**YOUR TASK:** Nothing but an exact copy is asked for: the lines in the material below from the one with "Sideboard, Qing style" through the one with "Original condition, lovingly restored.", pictures excluded.

**SOURCE DATA:**
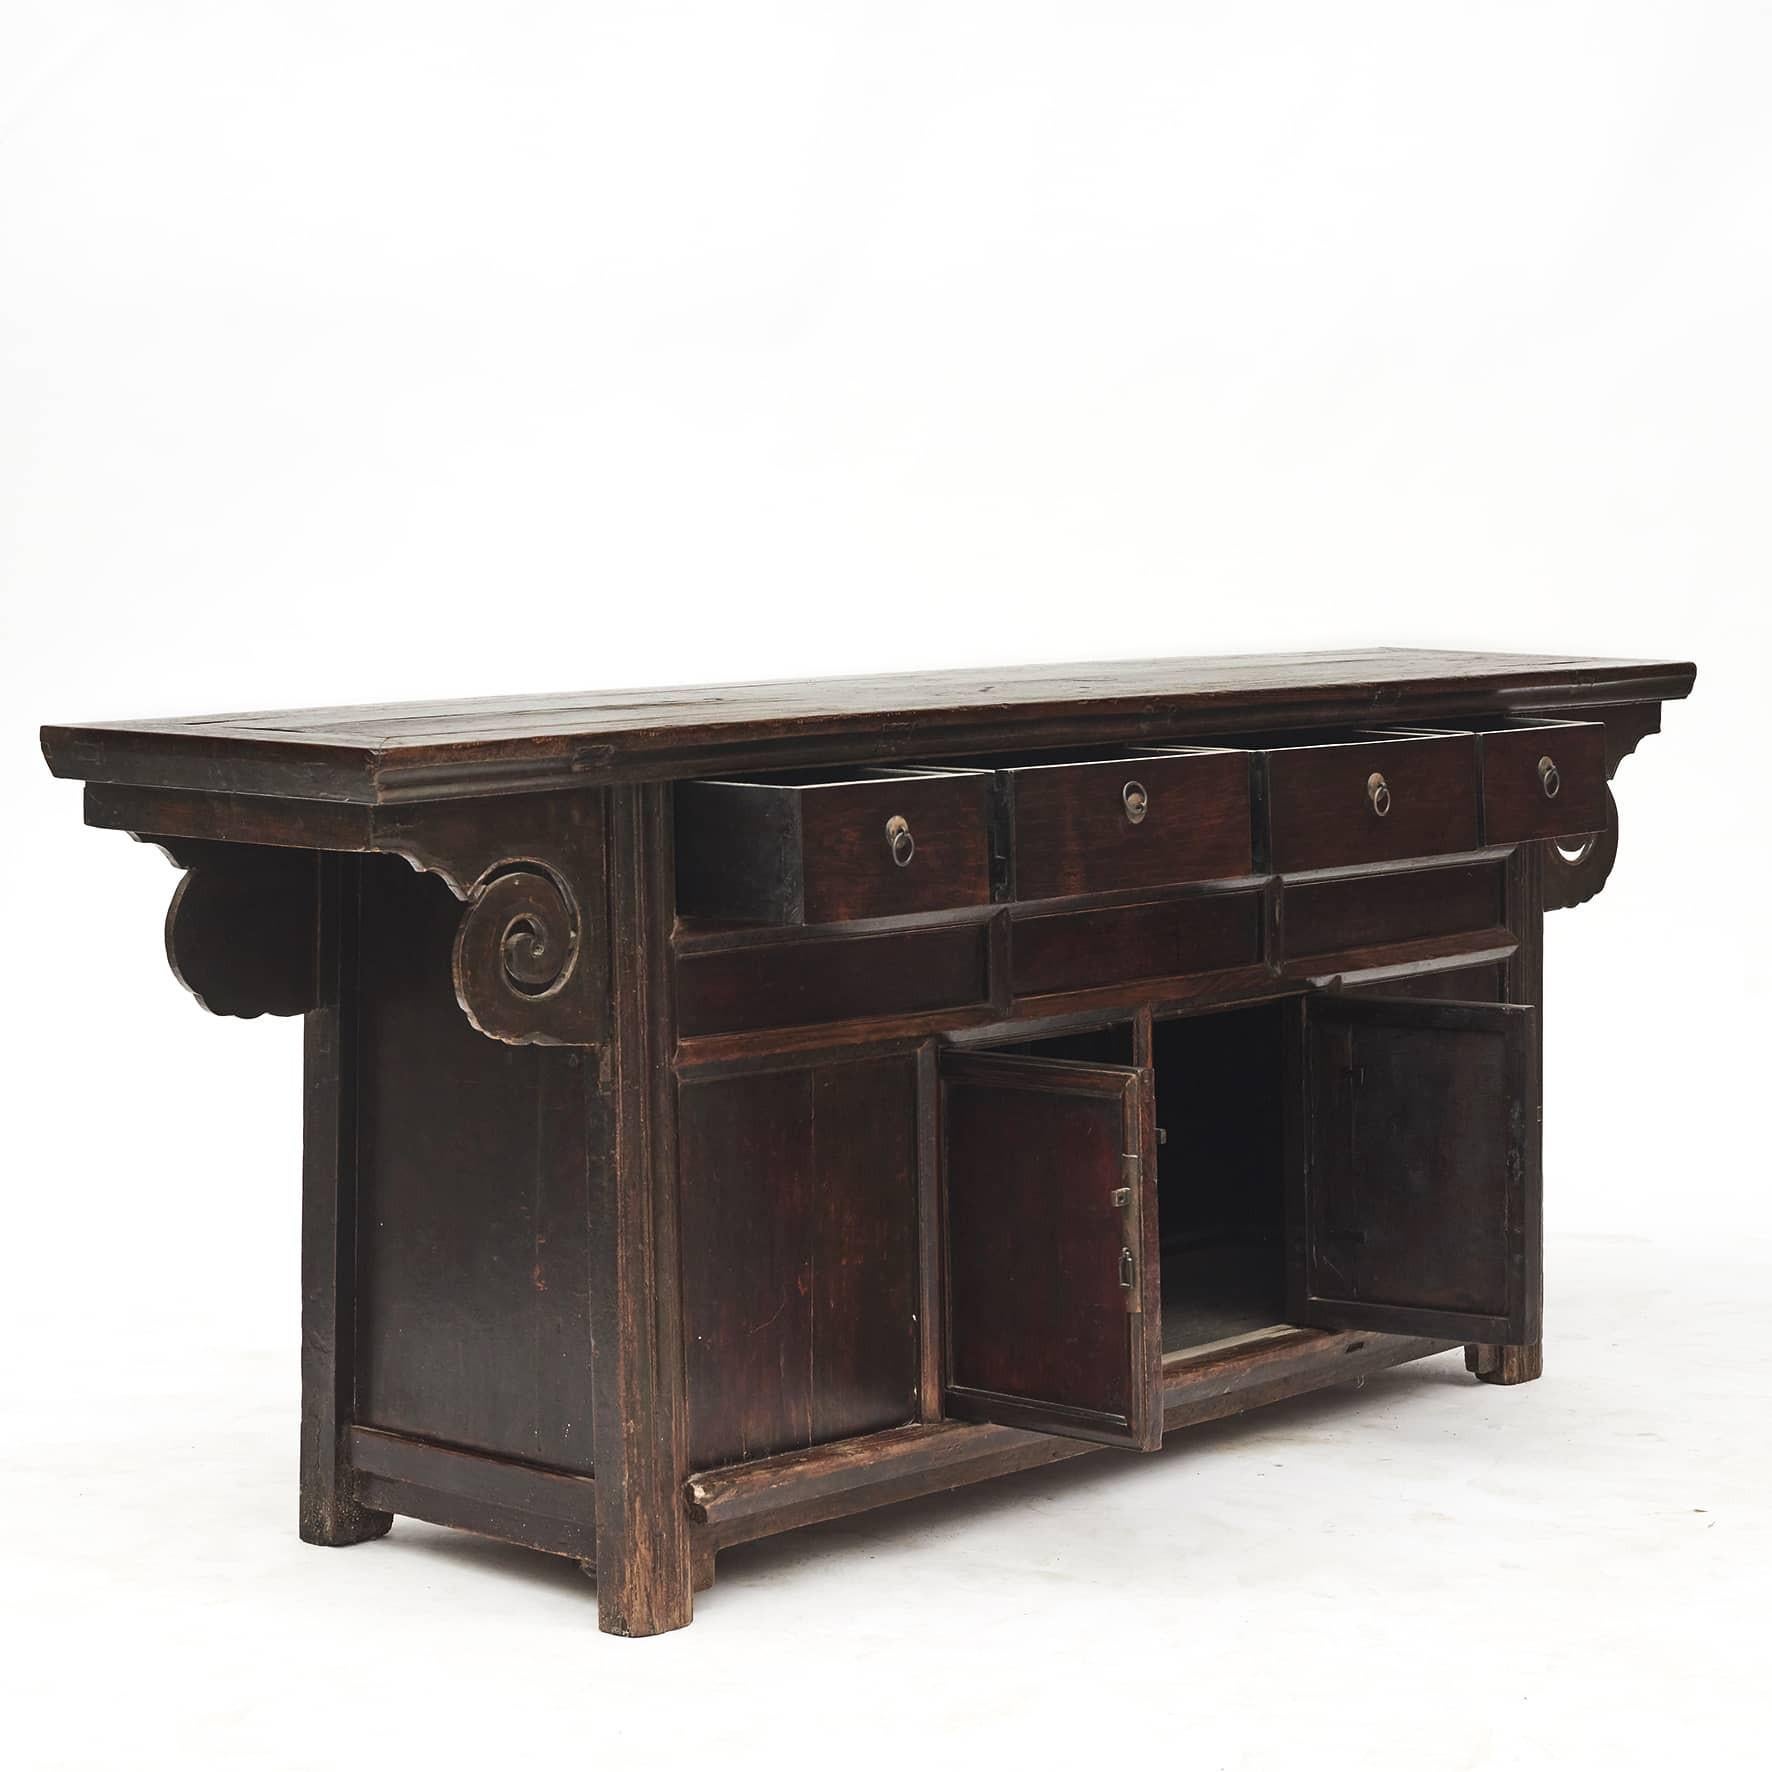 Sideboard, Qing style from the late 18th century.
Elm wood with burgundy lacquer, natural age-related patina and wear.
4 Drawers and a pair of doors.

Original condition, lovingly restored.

* * *

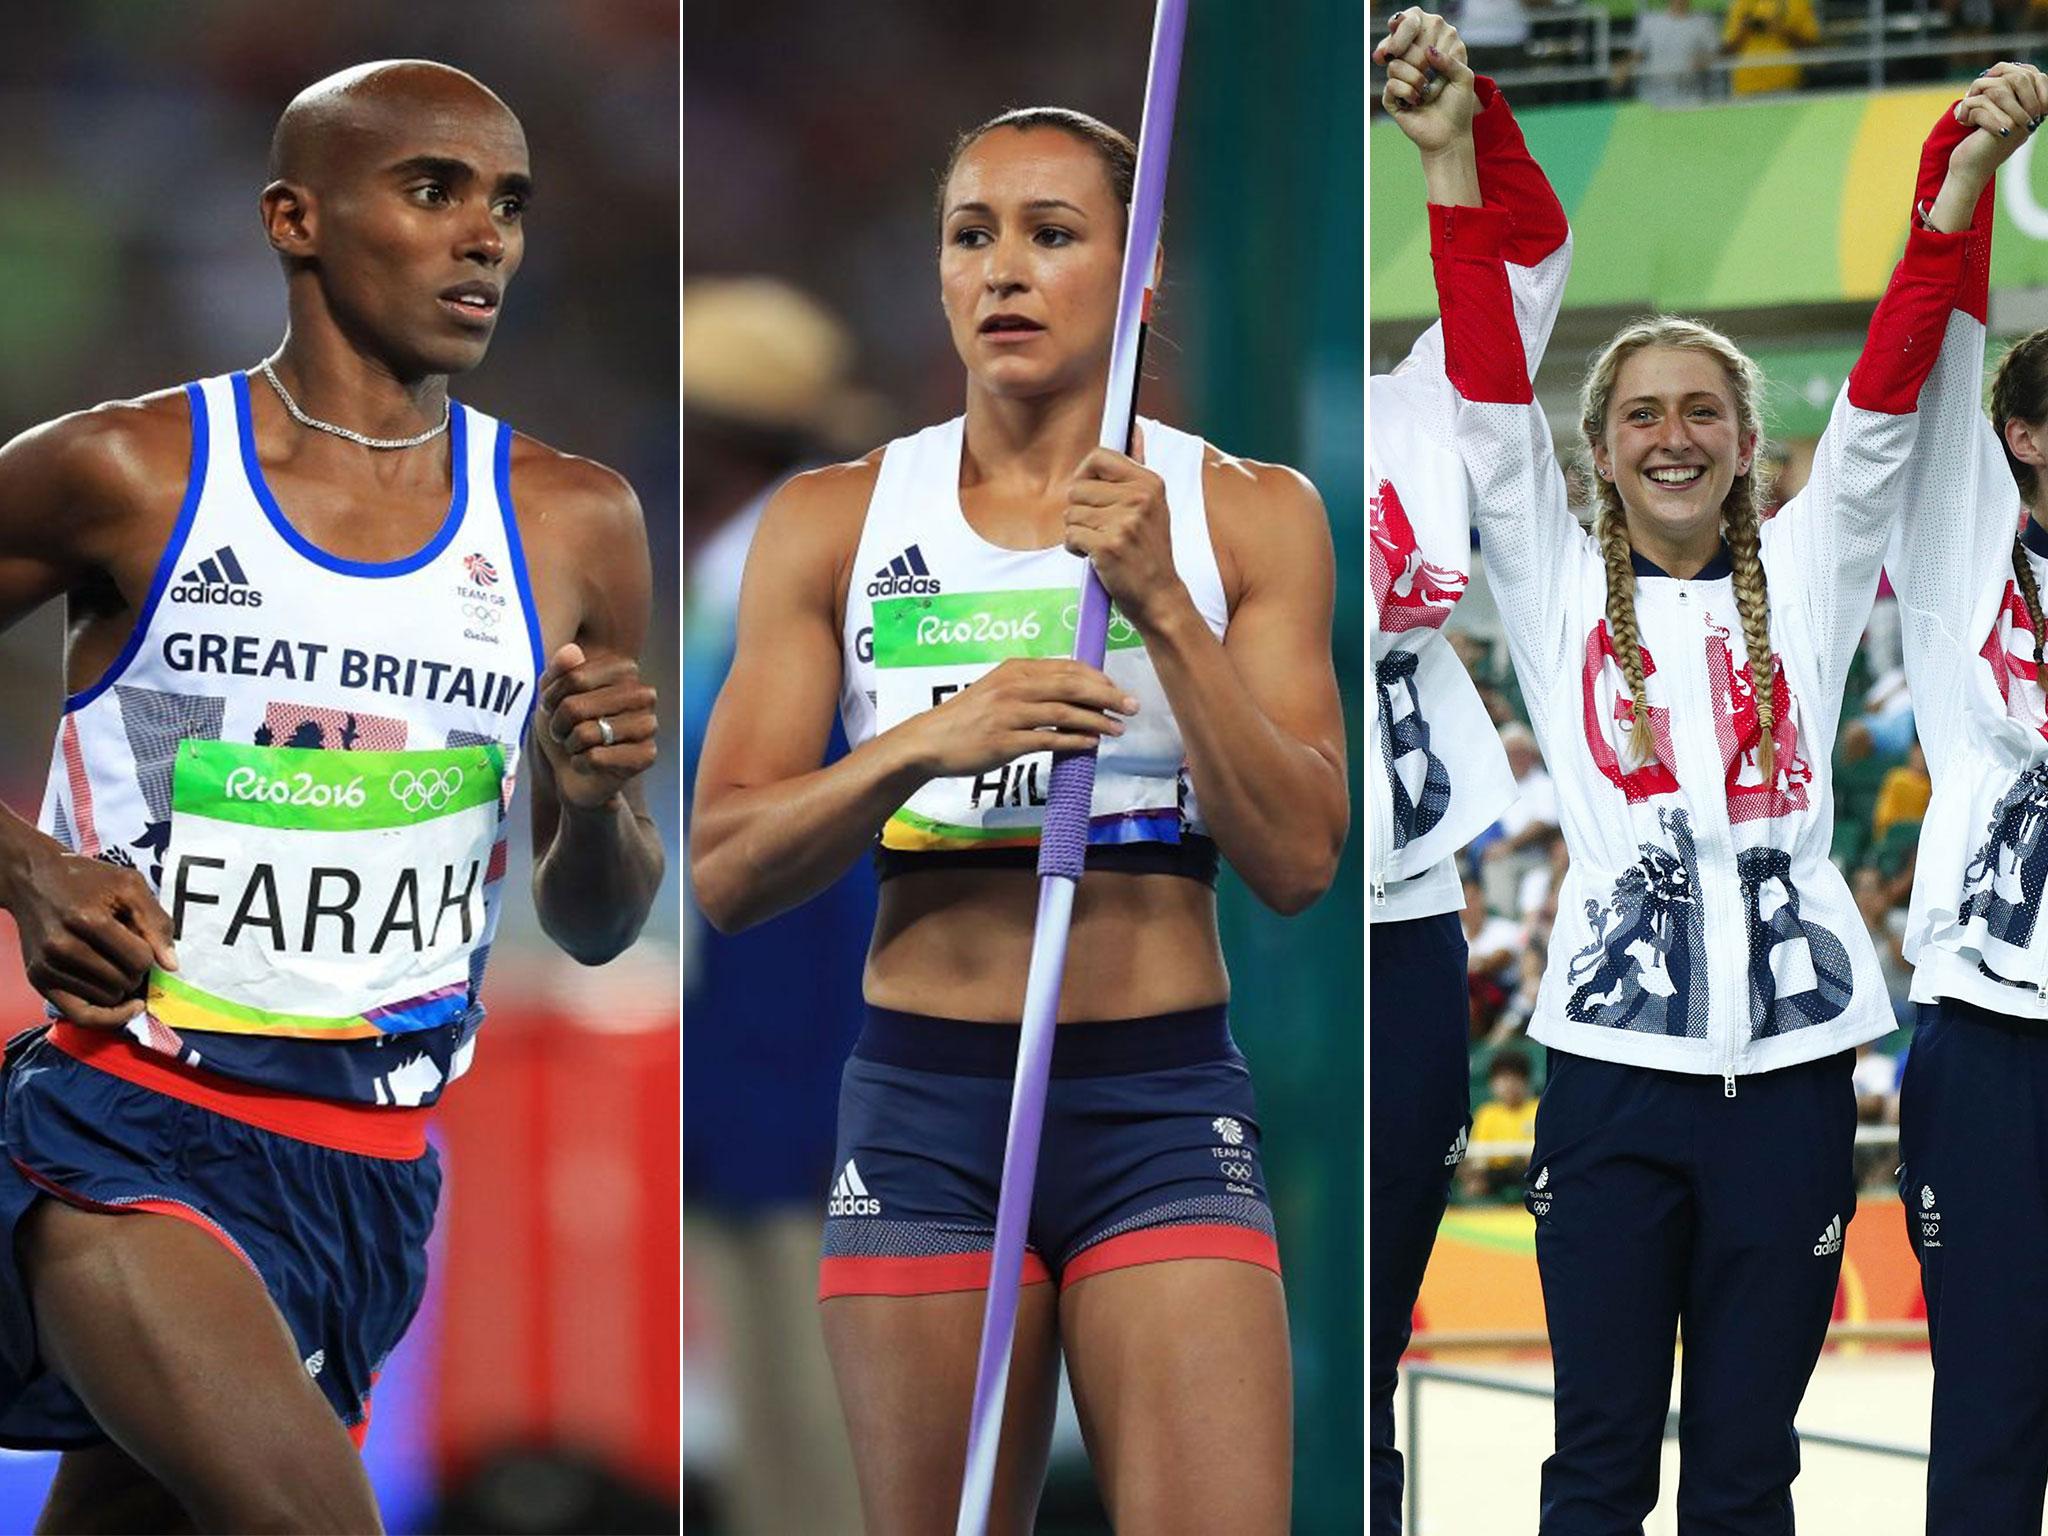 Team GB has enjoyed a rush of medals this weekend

--

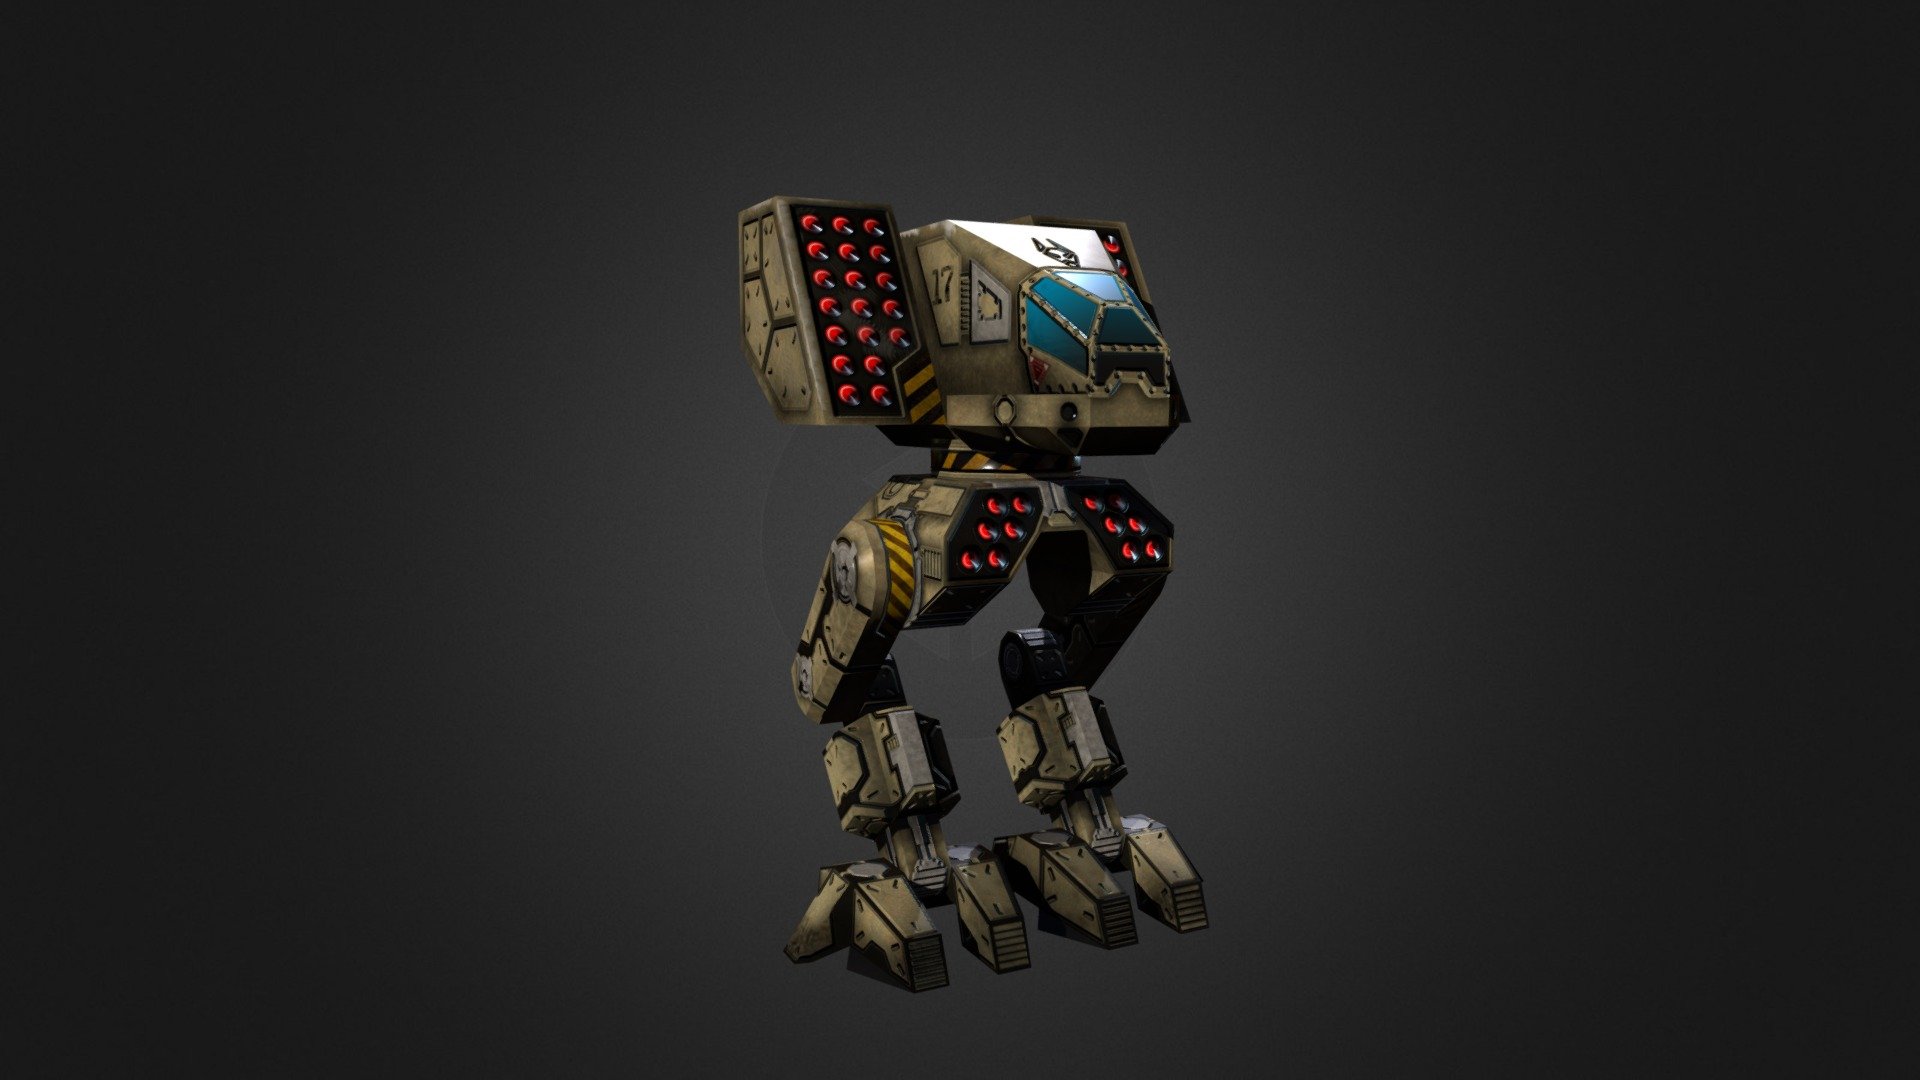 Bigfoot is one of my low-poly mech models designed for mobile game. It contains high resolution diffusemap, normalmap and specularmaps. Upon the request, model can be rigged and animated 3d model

**ANSWER BOX:**
 Sideboard, Qing style from the late 18th century.
Elm wood with burgundy lacquer, natural age-related patina and wear.
4 Drawers and a pair of doors.

Original condition, lovingly restored.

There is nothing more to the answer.